Join the Centre of Business and Society online or in-person on our Cambridge Campus for a research seminar from Prof Nicky Dries on alternative, more human-centric formulations of the future of work.
Augmentation – machines and humans working together to enhance one another, by design, such that the intelligence of the resulting system improves – is currently considered the normative ideal for the future of work. However, augmentation is currently narrowly understood, from a managerialist, almost neo-Taylorist perspective.

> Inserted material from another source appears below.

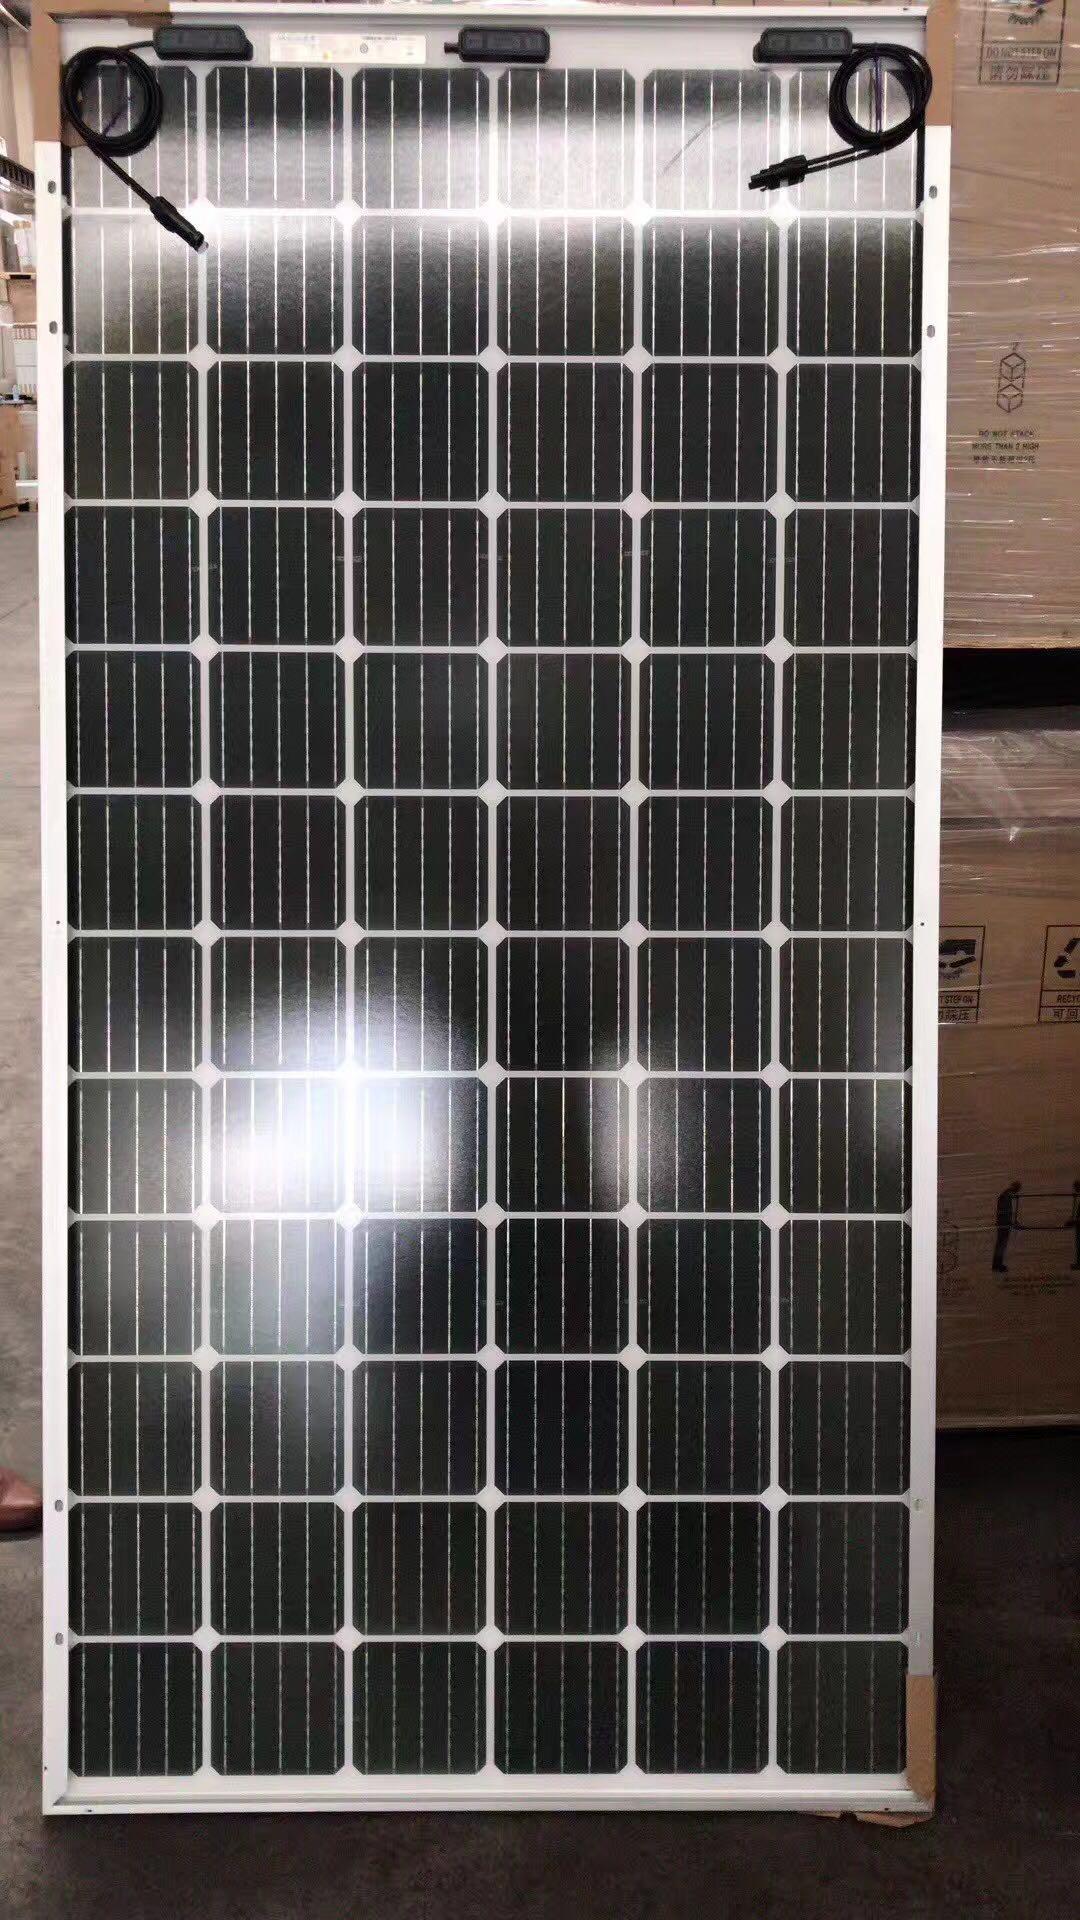 cheap price JA Longi 360W,365W 370W,375W,380W Bifacial Mono solar panels,  View JA Bifacial mono panel, LG Product Details from Shenzhen Dingjing

Raisch and Krakowski (2021), discussing the ‘automation-augmentation paradox’, identified an urgency for social scientists to get more involved in debates around the future of work, dominated by computer scientists and engineers who “often regard humans as a mere disturbance in the system that can and should be designed out” (p. 203). The focus mostly lies on technology, adopting a techno-determinist stance assuming that technological capabilities and innovations shape social, economic, and political reality, rather than the other way around, while topics like future labour conditions and relations are rarely addressed. Some argue that Big Tech is on a mission to monopolise the collective imagination around the future, using discursive closure tactics like naturalisation – i.e., presenting trends as inevitable, while obfuscating the sociohistorical processes that created them.

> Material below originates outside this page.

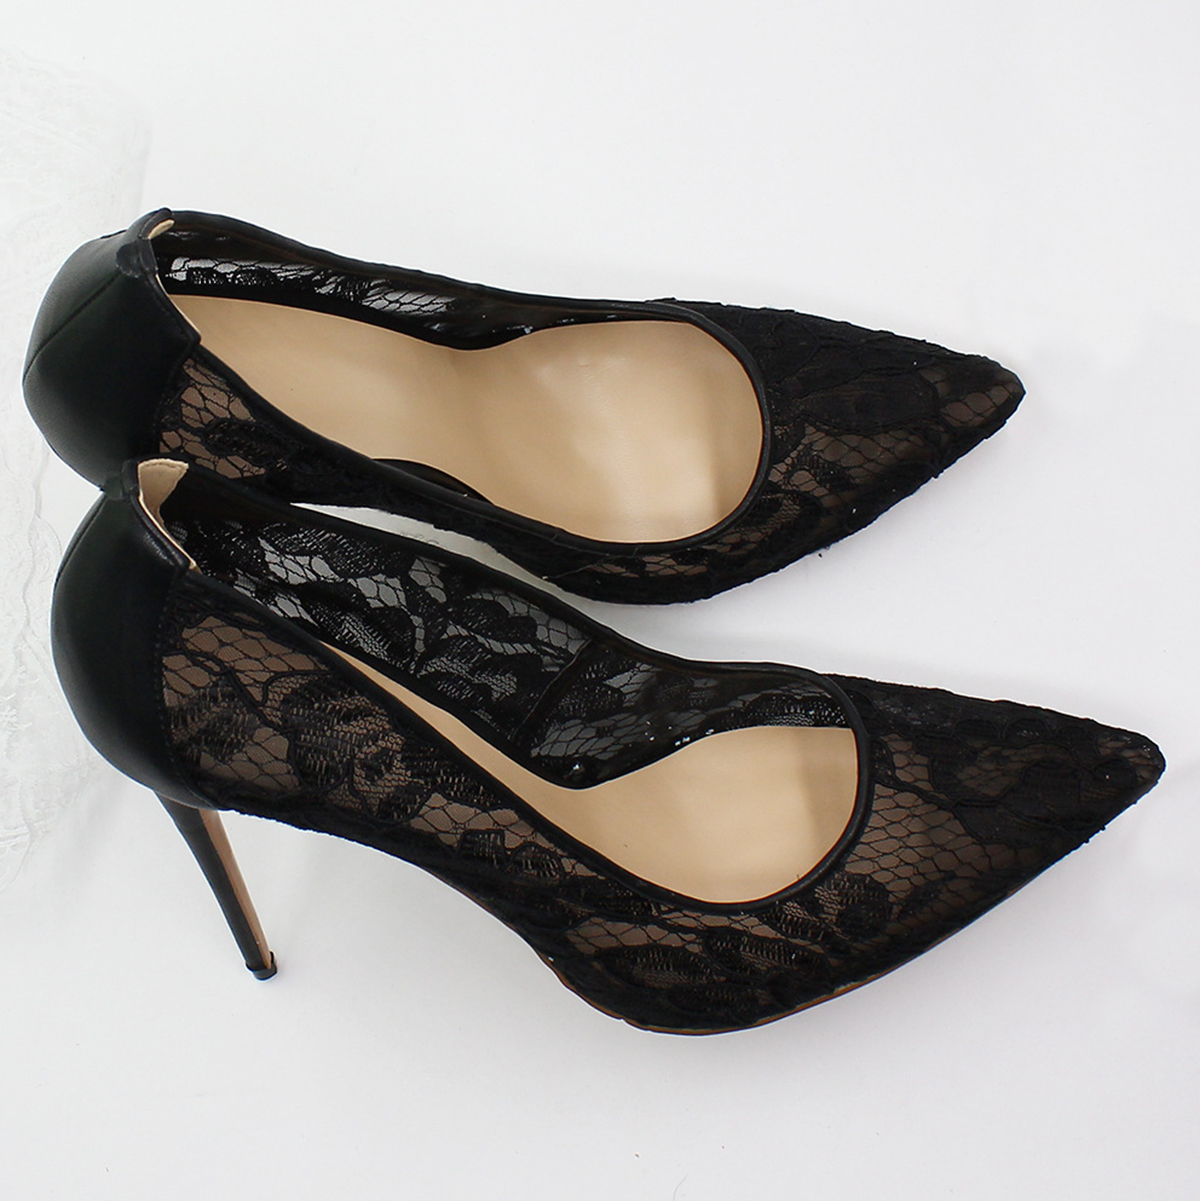 4366018d Pie Dedo Verano Tacones Negro Alto Puntiagudo Boda De Zapatos Aire Sexy  Aguja Aiyoway Mujer Fiesta ...

Using multimodal discourse analysis, we explore the artistic processes and practices of 35 professional artists who are working, full-time, with augmentative AI technologies (embodied and non-embodied, robotic, virtual, and embedded). These artists, many of whom are world-renowned (e.g., Refik Anadol; AndyRobot; Leonel Moura; Alexander Whitley), span various artistic neo-disciplines such as data painter, choreoboticist, movement analyst, and computational photographer.
The central idea of our paper is that in the 1960s and '70s, there were two traditions in robotics: the engineering tradition, focused on efficiency and automation, and the artistic tradition, focused on relationality and human-centricity. Over time, the engineering timeline seems to have won out, and this is the timeline we find ourselves in today. Hence, this study asks the question: what if we would have gone down the other timeline?
Nicky is a former Fulbright Scholar (Boston, 2012). To date, she has published over 60 international peer-reviewed articles, two books, and 20 book chapters. She is very active in science communication outside academia as well, and regularly publishes trade press articles (e.g., HBR.org, Forbes.com), op-eds/editorials, and podcasts, and has appeared in a documentary TV series on the labour market implications of disruptive technologies (The Digital Dilemma on VRT). In 2021, Nicky was selected from more than 1,000 applicants to be part of Belgium’s ‘40 under 40’ inaugural cohort representing the nation’s promising future societal leaders.
Currently, Nicky is an Associate Editor at Journal of Management (JOM), as well as being on several other editorial boards (e.g., HRMJ, EJWOP). She has also been an evaluator of several national and European scientific funding agencies, e.g., FWO in Belgium, NWO in the Netherlands, the Research Council of Finland, and the European Commission.